I hesitated, and that was my fatal flaw.
Because one of the truths about a marriage—I knew that then, and I know it now—was that there should be some secrets. Small things, inconsequential things. I didn’t believe a person could ever know another person wholly, inside out, and I was okay with that. Because inside, there were some ugly things, the blood and guts, the things that were better buried, better unsaid.
“Tell me you d
idn’t ever sleep with her,” Liz said, her face white. “Tell me you didn’t let it get that far.”
I flinched. “How could you think that, after everything I just told you? No, there was nothing like that. I was just under so much stress. But there is something else.” I put my head in my hands, palms meeting on my forehead, and I told her about Thanksgiving night, about the image on the surveillance video.
She gasped. “You killed the Zhangs’ dog?”
“No, of course not. I buried it. A mountain lion got it. It was the most terrifying thing ever, and it was just taking these big, easy strides with that dog, with Virgil, just clasped in its jaws. I went out there later, and I found it on the golf course mauled to bits. There was fur everywhere. It was—so horrible. I just didn’t want it to be this huge mess,” I explained.
Liz had both hands over her mouth as if she were holding in a scream.
“It was already dead, Liz. And I was under so much pressure about the mountain lion and the vandalism—”
“Those poor people,” she breathed. “They organized search parties! They’ve been offering a reward. Charlie told me that Helen practically cries herself to sleep every night. And all along, you knew.”
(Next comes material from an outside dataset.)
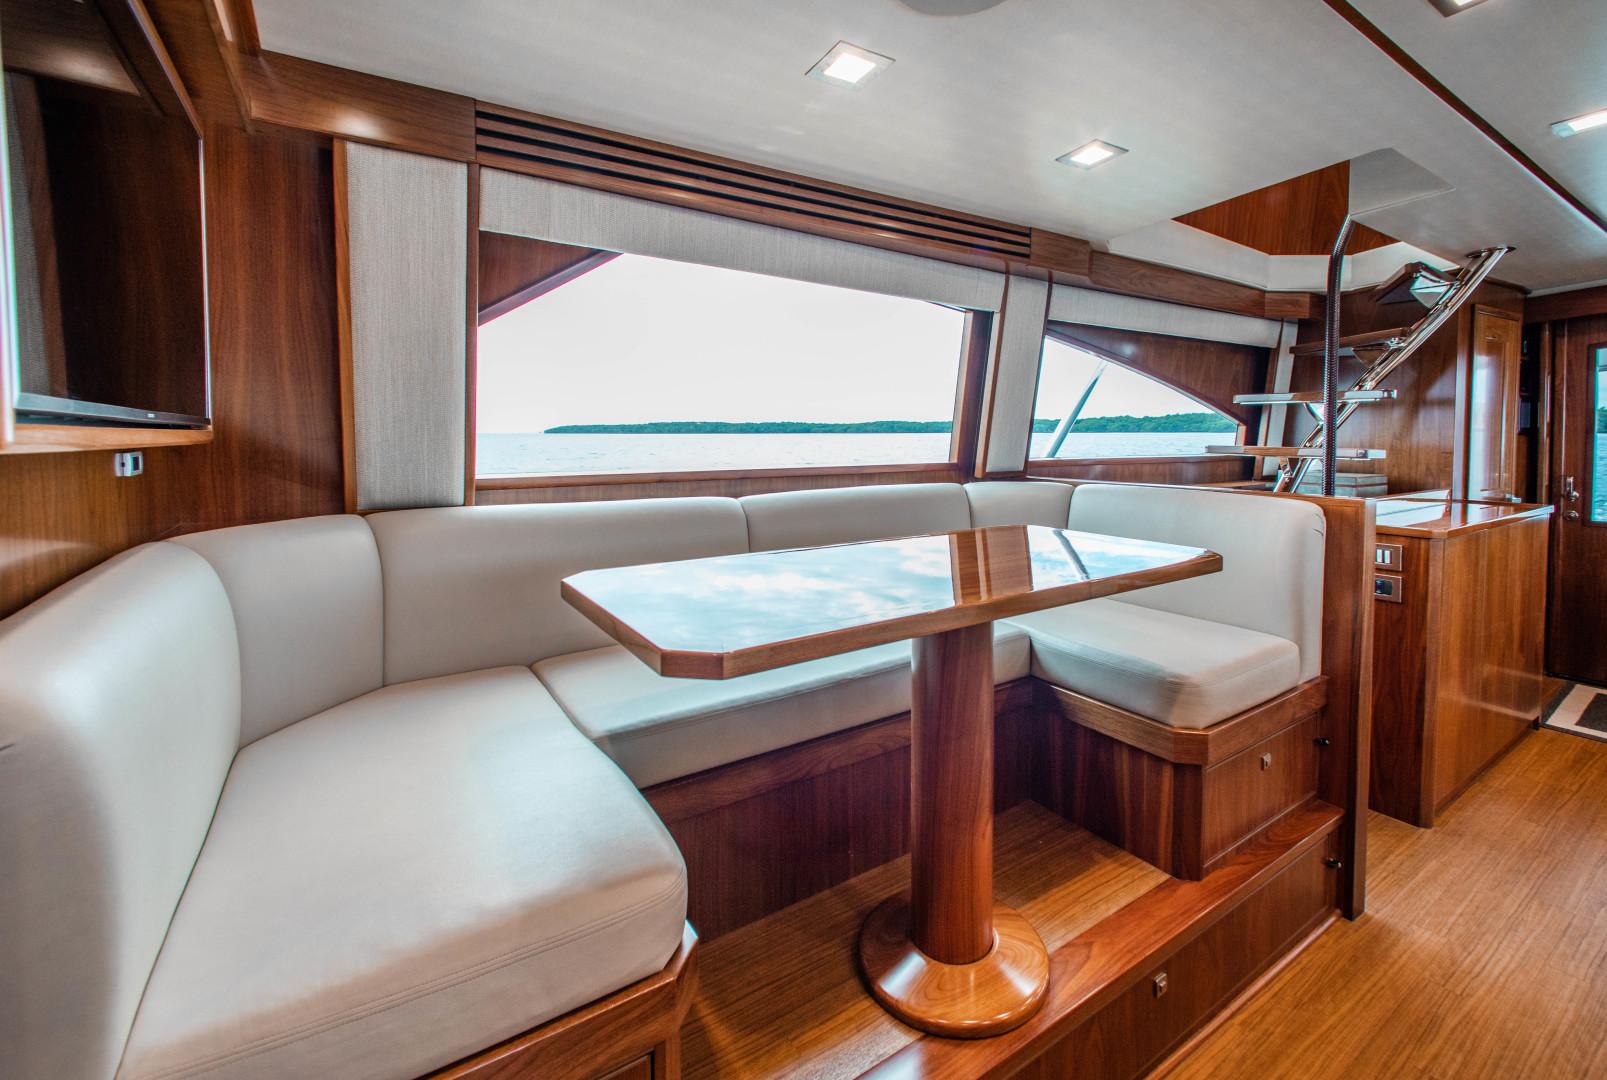 Viking-72 Enclosed Bridge 2018-Red Lion Ocean Reef-Florida-United States-2018 Viking 72 Enclosed Bridge  Red Lion  Dinette-1568237   Thumbnail

“It was better that they didn’t see it,” I protested. “It didn’t even look like their dog anymore.”
“And you never told anyone about the mountain lion,” she marveled. “There’s been a vicious animal on the loose, and you’ve never said anything. Think about all the joggers! Think about Fran, pushing Elijah. All those Bergland kids...”
“I know. I do know. But once it was done, it wasn’t something I could exactly undo, was it?”
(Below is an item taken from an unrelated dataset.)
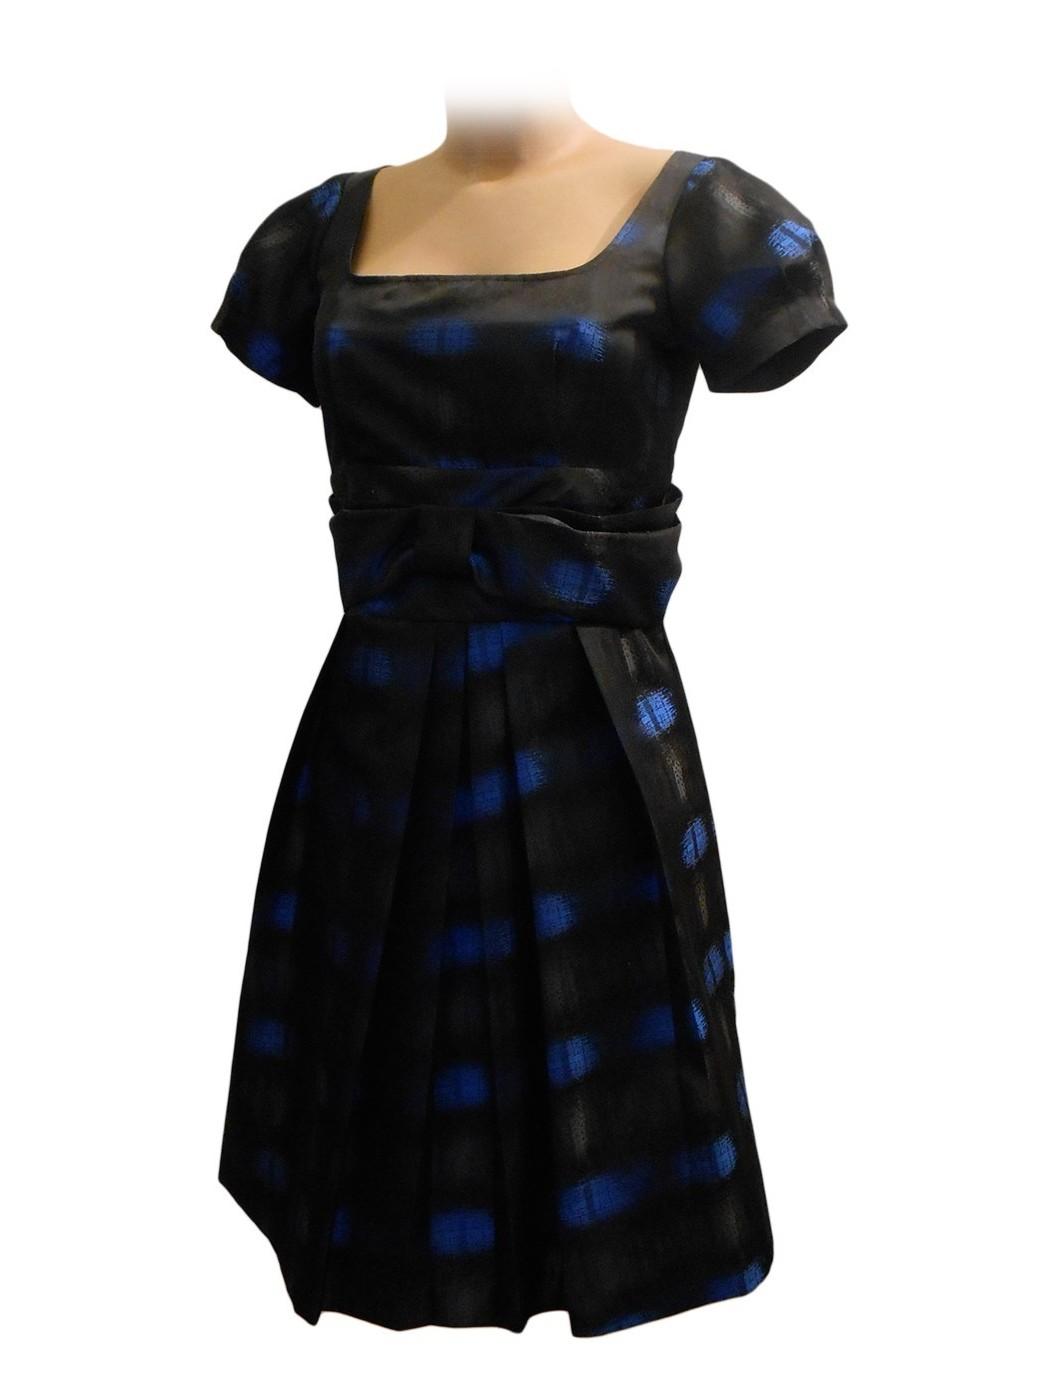 Kurtka Eddy B i sukienka.

She stared at me. “I don’t even know what to say. It’s like a horror movie.”
“We can get through it.”
“And Kelsey—she could have killed herself. Twisted and messed up and whatever else she is—you needed to do something instead of just hiding it.”
“We’ve both been hiding things,” I pointed out. “We’re the same kind of awful.”
“I don’t know,” she said, backing toward the stairs. “I think we’re different kinds of awful.”